倫理規定に反した公務員は懲戒処分を受けることになります。

「利害関係人」とは法的な利害関係にある者のこと

「利害関係人」とは法的な利害関係にある者のことで、信託投資において運用会社の親会社や子会社、株主のことを指します。不動産投資信託なら投資信託の委託業者や信託業務を営む金融会社や宅地取引業者などです。

「利害関係人」と「利害関係者」は一字違いですが、それぞれの意味はだいぶ違いますので、使い間違えないようにしましょう。

【状況別】「利害関係」の具体例

仕事上の人間関係は利害関係で結ばれている

仕事上の人間関係のほとんどで利害関係があると言っていいでしょう。上司と部下、従業員と会社、会社と顧客など、会社の利益につながる関係は全て利害関係で成り立っています。
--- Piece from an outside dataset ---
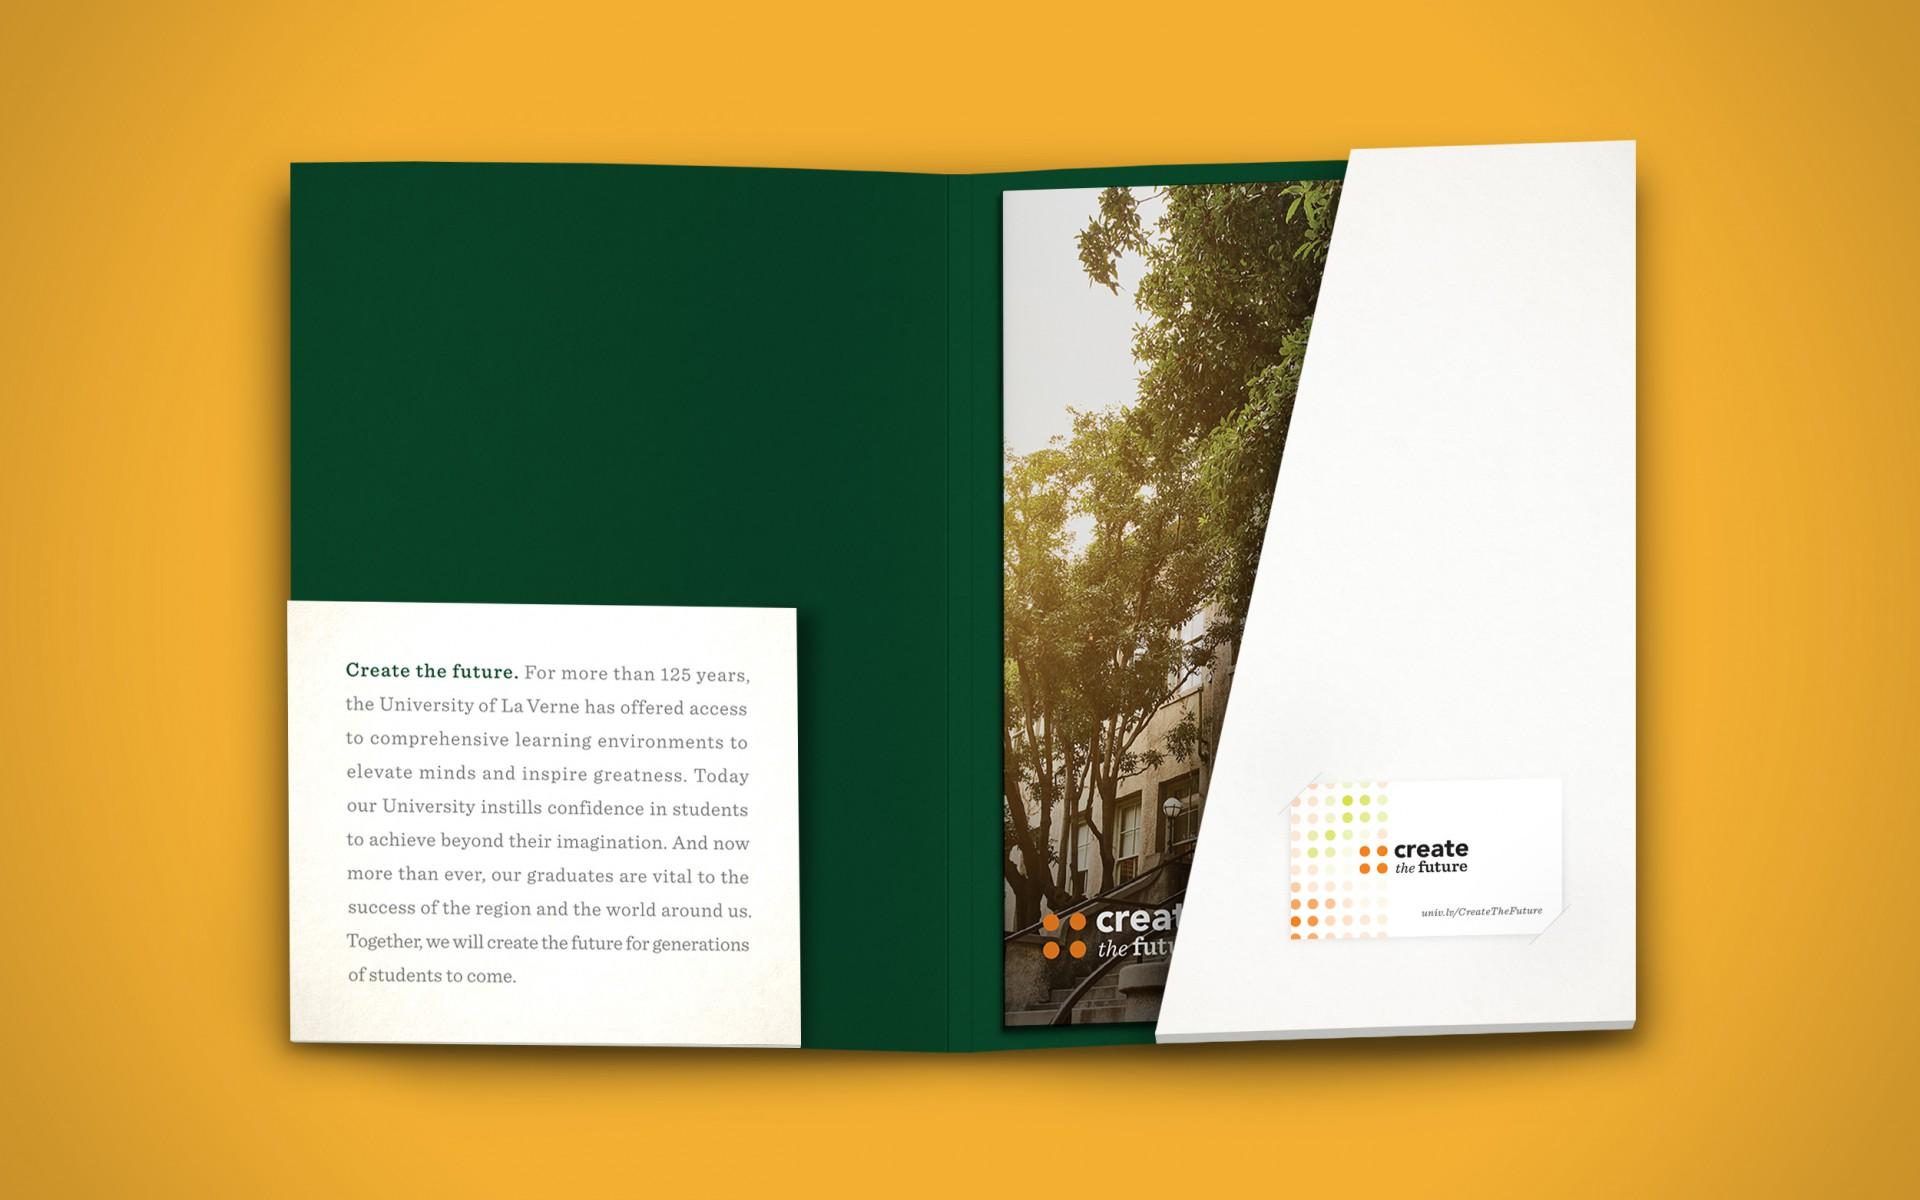 Folder interior and campaign materials

上司は部下に指示を出し、部下はその指示を受けて業務をこなし、部下が結果を出せば上司からの信頼を得られて、上司はその結果に満足します。

友達との利害関係はお互いが利益を得るような関係で

友達との友情関係において利害関係は考えにくいでしょう。お互いが信頼し合っている関係で、自分が得をするために友人に損害を与えるような損得勘定があっては友情を保つことが難しいからです。
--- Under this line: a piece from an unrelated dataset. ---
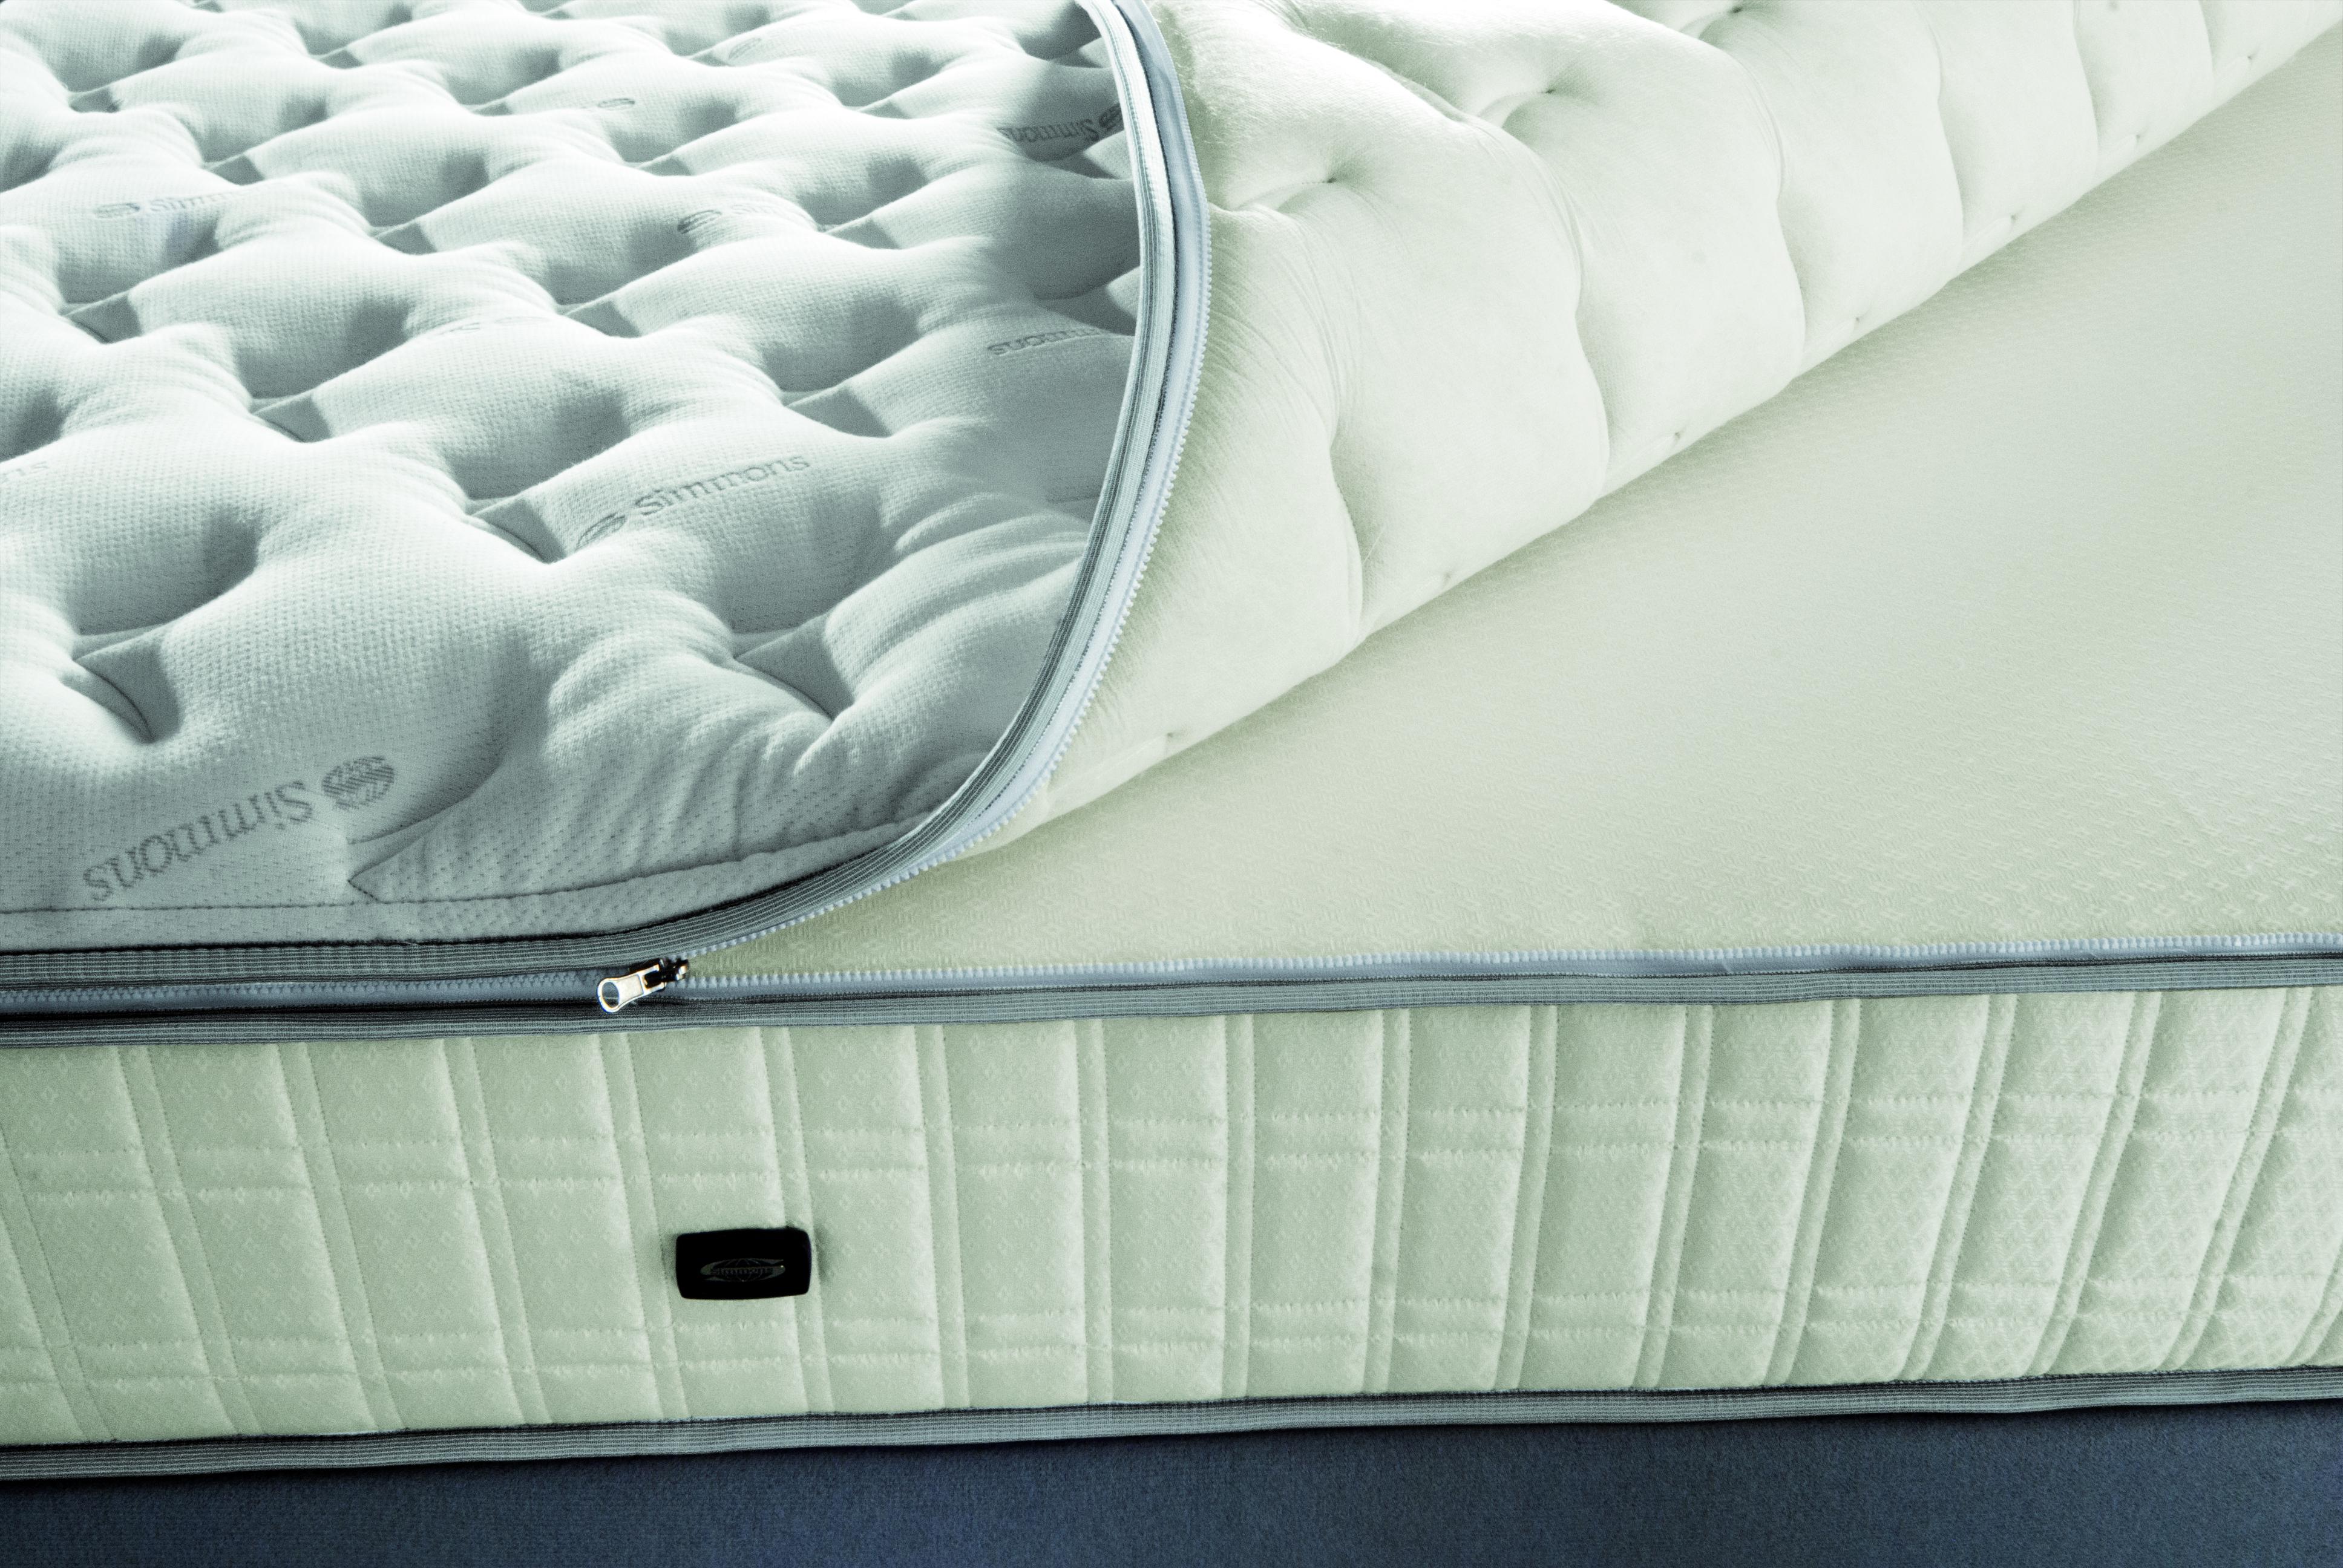 Materasso Simmons Platinum Beautyrest no-flip con Pillow Top Renew, rimovibile con cerniere longitudinali

ただしお互いの利益に結び付くような関係であるならば、友情間でも利害関係は考えられます。

結婚を利害関係だとする考え方

お互いの愛情から結婚をするというカップルがいる一方で、結婚を利害関係だとする考え方もあります。子供が欲しいという希望をお互いが持っていて、利害関係が一致したから結婚を決めたというのが一例です。

利害関係という言葉の印象から利害関係で結婚したというと冷めた関係のような印象があるかもしれませんが、お互いの幸せを考えたときに結婚での利害関係が生じることがあるでしょう。

「利害関係」の言い換え表現

「損得」は個人間での問題で使われることが多い

「利害関係」の言い換え表現として「損得」があります。「損得」とは損失と利益という意味で、「利害」の類語です。「利害」との違いは「損得」は個人間で使われることが多いのに対して、「利害」は個人間と団体間でも使われることです。

「損得」を使った例文
  • 「損得を離れて仕事をする」
  • 「人間関係は損得勘定抜きで考えられないのかと悩んでしまう」

「利害関係」の英語表現と例文

「利害関係」は英語で「interests」

「利害関係」は英語で「interests」です。「interest」は興味という意味もありますが、利害関係という意味もあり、この場合には複数形である「interests」が使われるのが一般的です。

「interests」を使った例文
  • “There are interests between A and B.”
    「AとBの間には利害関係がある」
  • “Various interests bring the new situation in the relationship between A and B.”
    「様々な利害関係がAとBの関係に新しい状況をもたらす」

まとめ

「利害関係」はお互いが利害を得る関係という意味ですが、自分が利益を得れば相手が損をするとは限らず、お互いが利益を得るという関係でも使われることがあります。ただし自分が得をして相手は損をするという関係が前提なので、両者の関係は常に微妙な関係にあると言えるでしょう。